Instagram Tips & Strategies

How to Find Content Creators on Instagram

By Spencer Lanoue
October 31, 2025

Finding the right Instagram creators to partner with can feel like searching for a needle in a digital haystack, but it doesn't have to be so complicated. Whether you have a five-figure marketing budget or you're just starting out with a product-for-post strategy, the principles of finding great partners are the same. This guide breaks down practical methods for discovering authentic creators who align with your brand, from simple hashtag searches to clever competitor analysis.

Before You Search: Define Your Ideal Creator

You wouldn't start a road trip without a destination in mind. Before you type a single word into the search bar, you need a clear picture of who you're looking for. This initial step will save you hours of aimless scrolling and help you filter out creators who aren't the right fit.

Nail Down the Vitals: Audience and Niche

It's not about how many followers a creator has, it's about who those followers are. Your goal is to find creators whose audience mirrors your ideal customer.

  • Demographics: Where does a potential creator's audience live? What's their age range and gender? Most creators with a business account have access to these analytics and should be willing to share a screenshot when you get to the discussion stage.
  • Niche and Interests: Look for creators firmly planted in your niche. A skincare brand, for example, is better off partnering with a passionate esthetician with 5,000 engaged followers than a generic lifestyle influencer with 100,000 followers who post about everything from fashion to food. Specificity signals authority and trust.

Align on Values and Vibe

The right collaboration feels natural and authentic, not like a forced advertisement. This only happens when there's genuine alignment between your brand and the creator's personal brand.

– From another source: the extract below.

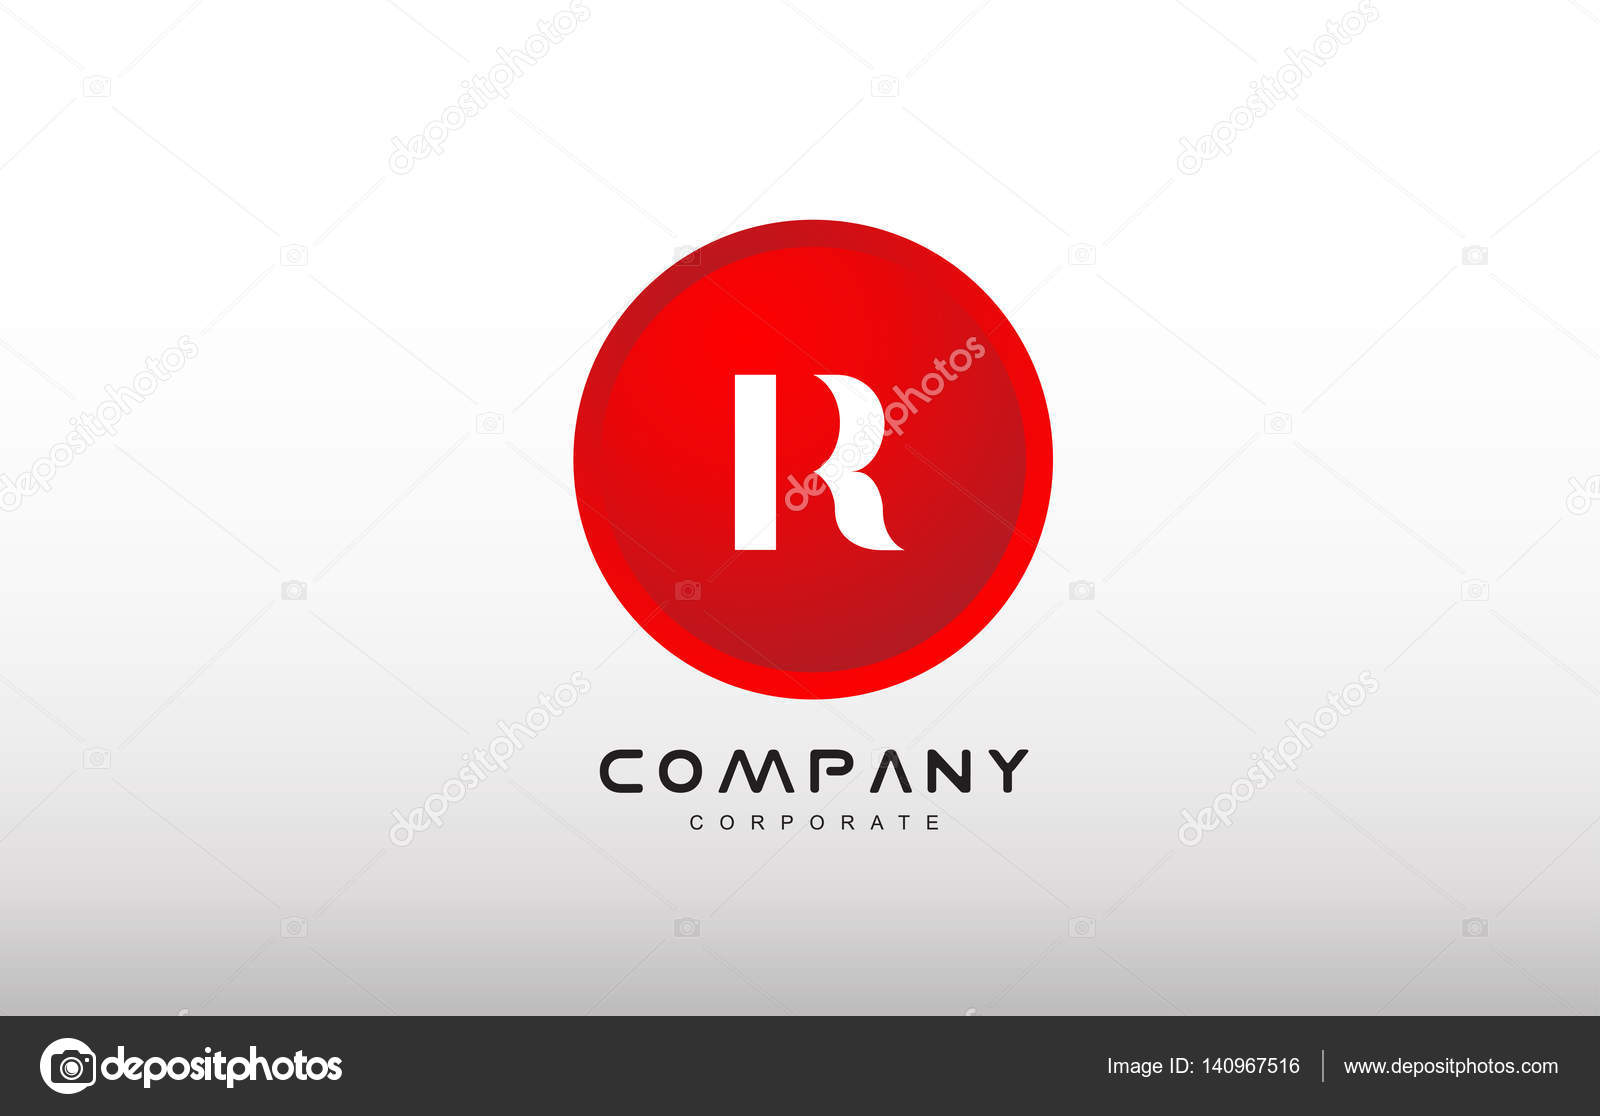 Logo Red Circle With R R Letter Alphabet Red Circle Dot Logo Vector Design Stock Vector C Dragomirescu 140967516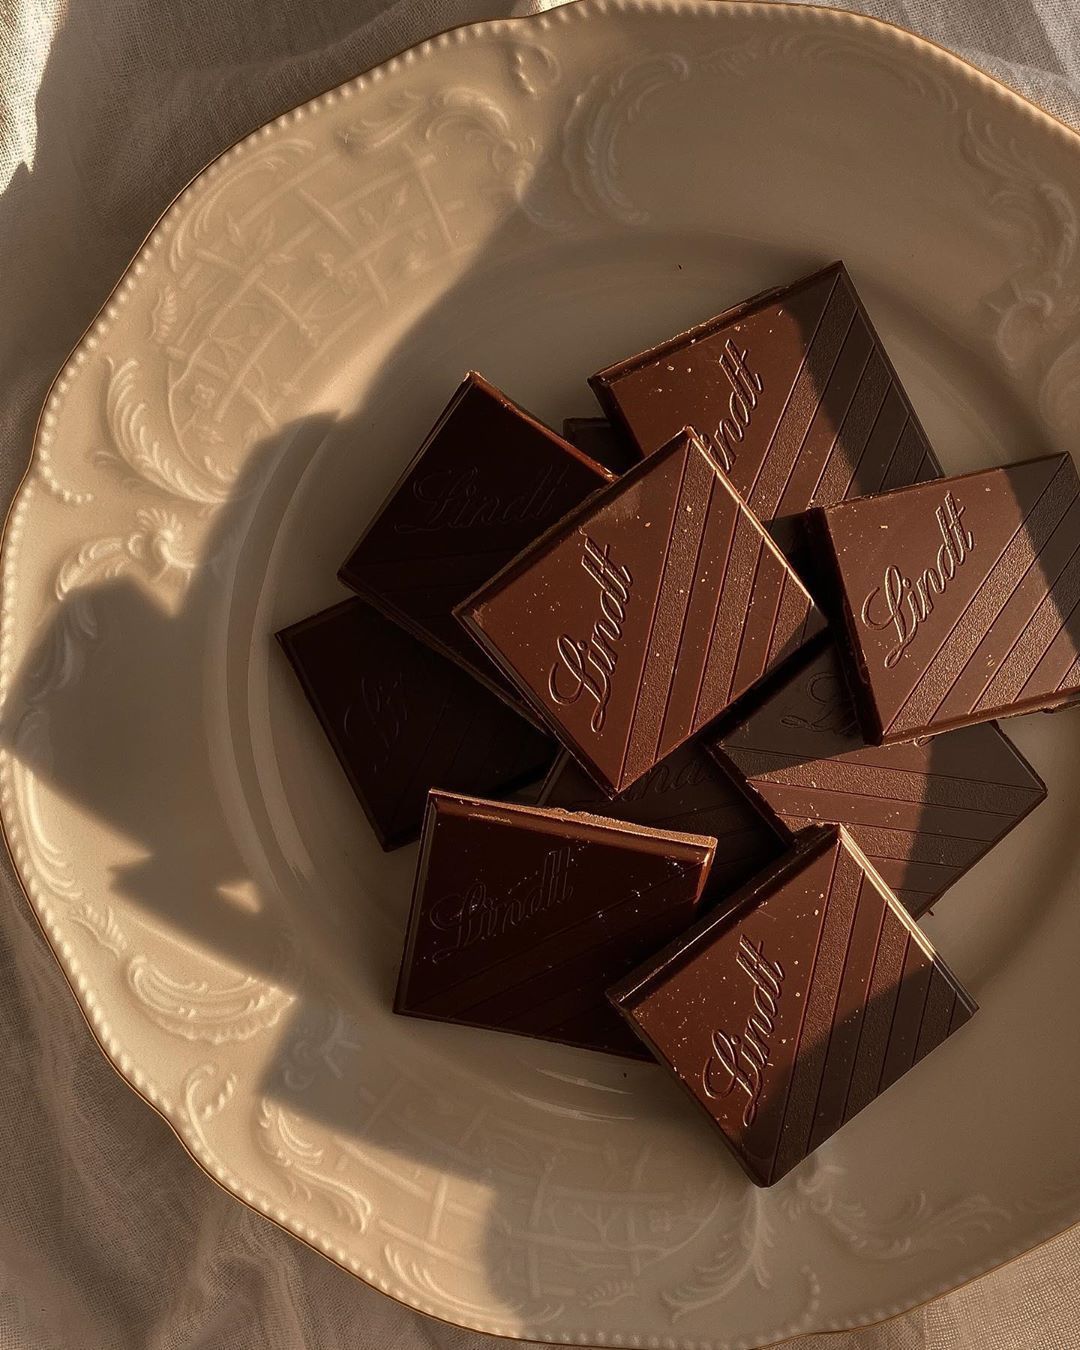 A plate of Lindt chocolate bars - Chocolate

  • Content Aesthetic: Does their visual style match yours? If your brand has a clean, minimalist aesthetic, partnering with a creator whose feed is loud, colorful, and chaotic might be an awkward mismatch. Look for visual consistency.
  • Tone of Voice: How do they communicate in their captions and Stories? Are they witty and humorous, or educational and serious? Their voice will become an extension of your brand for the duration of the campaign, so make sure it's a good fit.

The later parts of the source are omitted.